- _SOURCE RECORDS_:
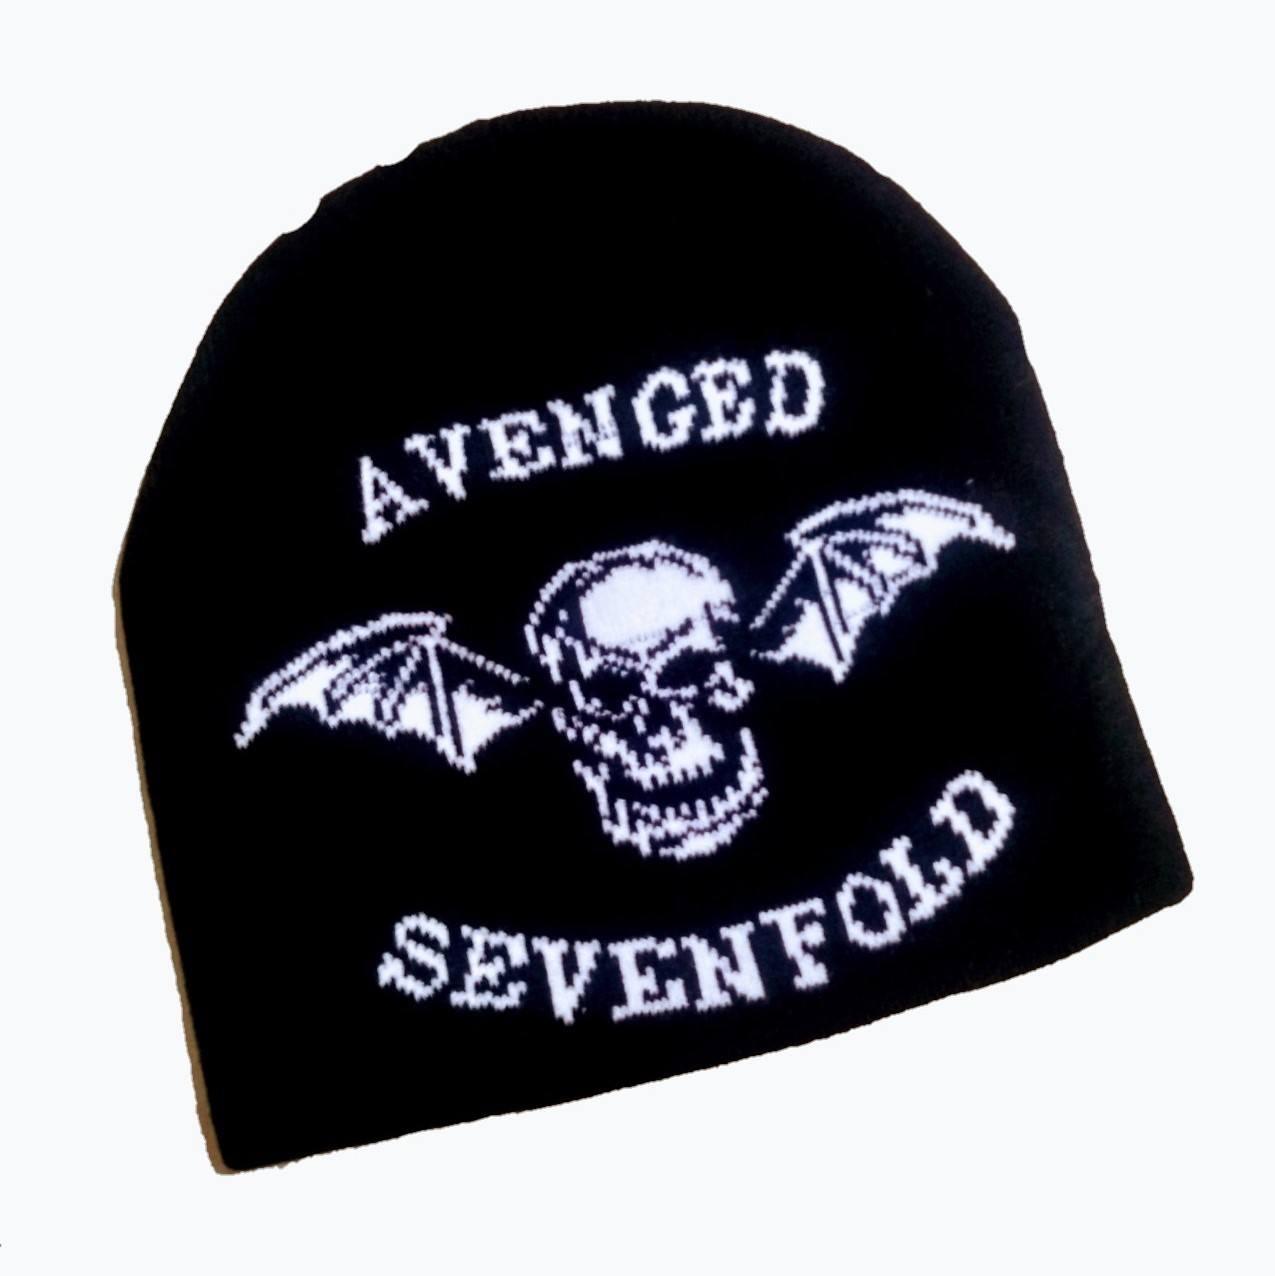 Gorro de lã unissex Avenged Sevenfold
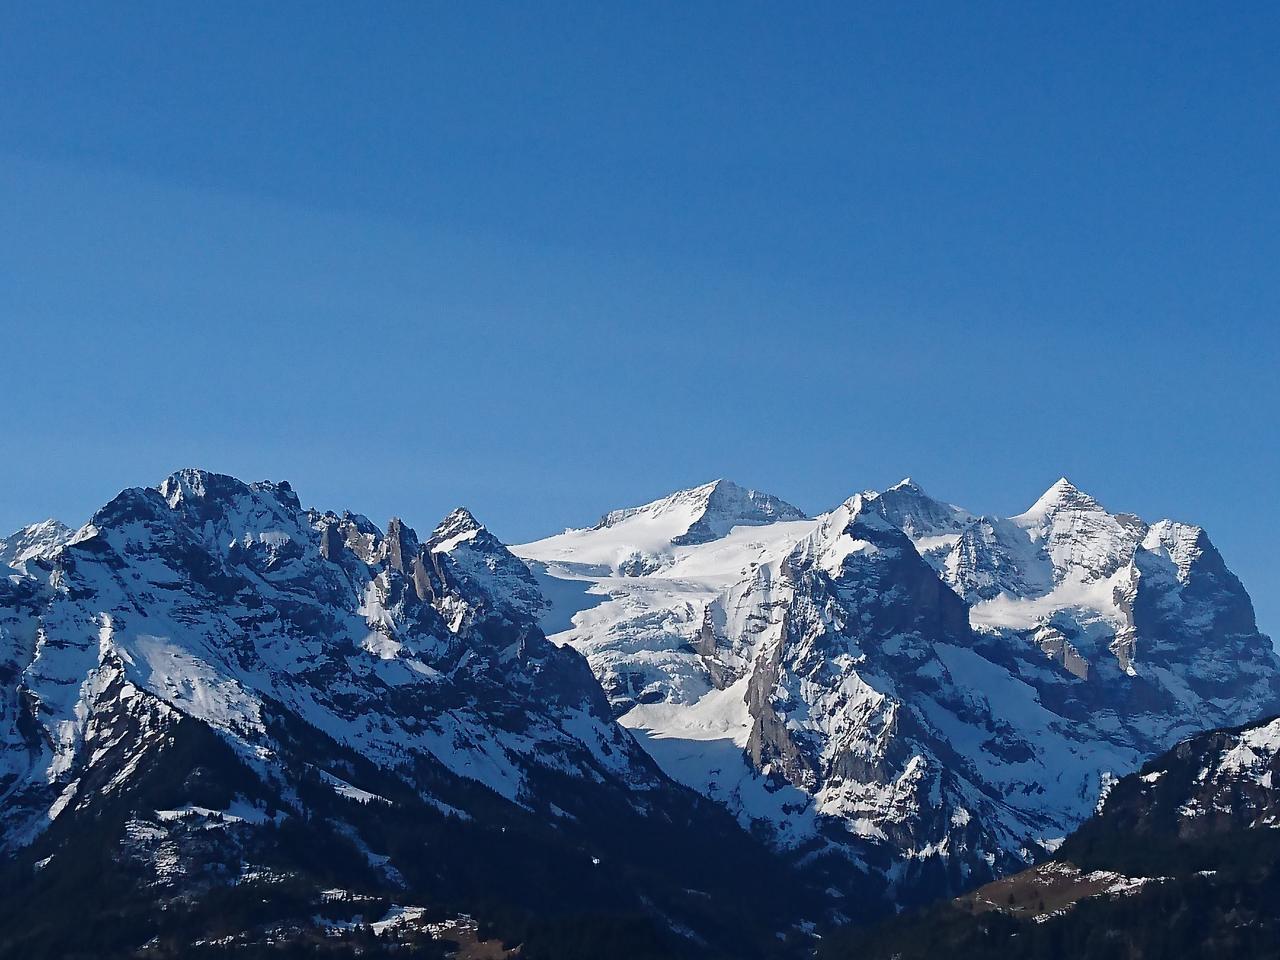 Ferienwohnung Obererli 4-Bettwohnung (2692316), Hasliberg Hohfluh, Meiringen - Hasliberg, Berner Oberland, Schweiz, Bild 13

* * *

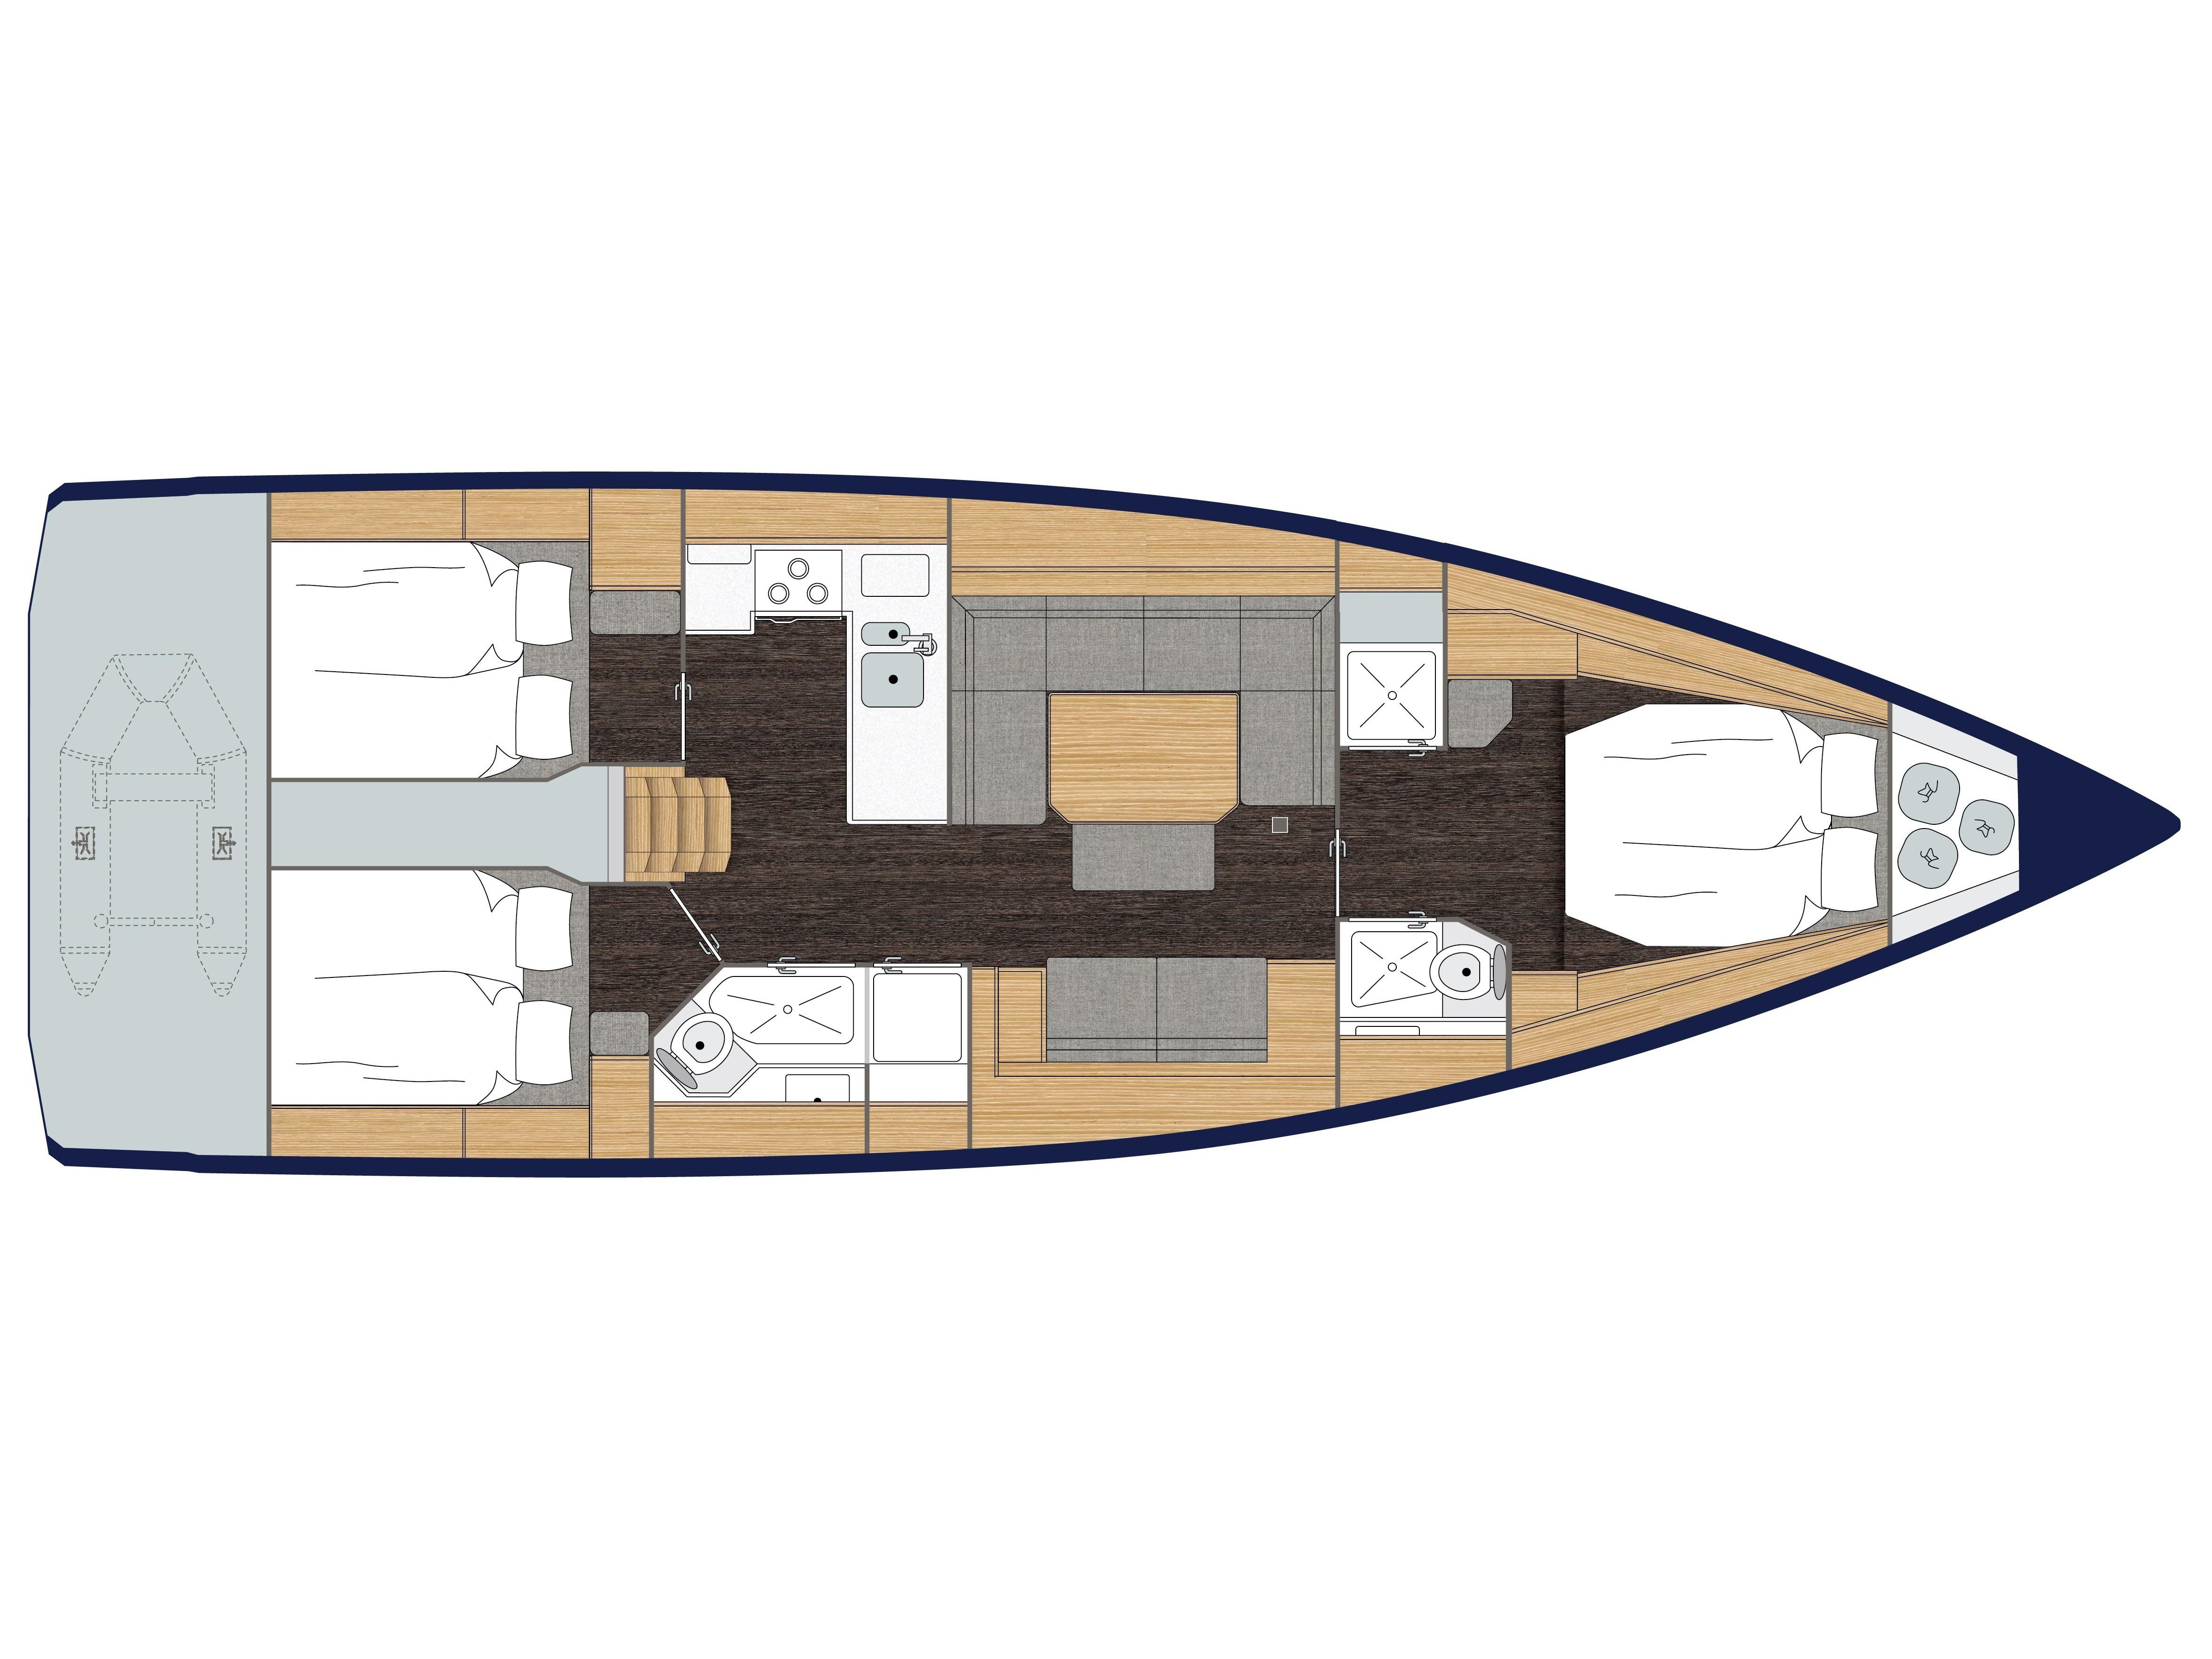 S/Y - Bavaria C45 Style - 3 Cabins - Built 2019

- _YOUR ASSIGNMENT_: The stretch above running from the line with "Gorro de lã unissex Avenged Sevenfold" through the line with "Ferienwohnung Obererli 4-Bettwohnung" is all you should copy, exactly, leaving out the pictures.

- _RESULT FOR THIS TASK_:
 Gorro de lã unissex Avenged Sevenfold
 Ferienwohnung Obererli 4-Bettwohnung (2692316), Hasliberg Hohfluh, Meiringen - Hasliberg, Berner Oberland, Schweiz, Bild 13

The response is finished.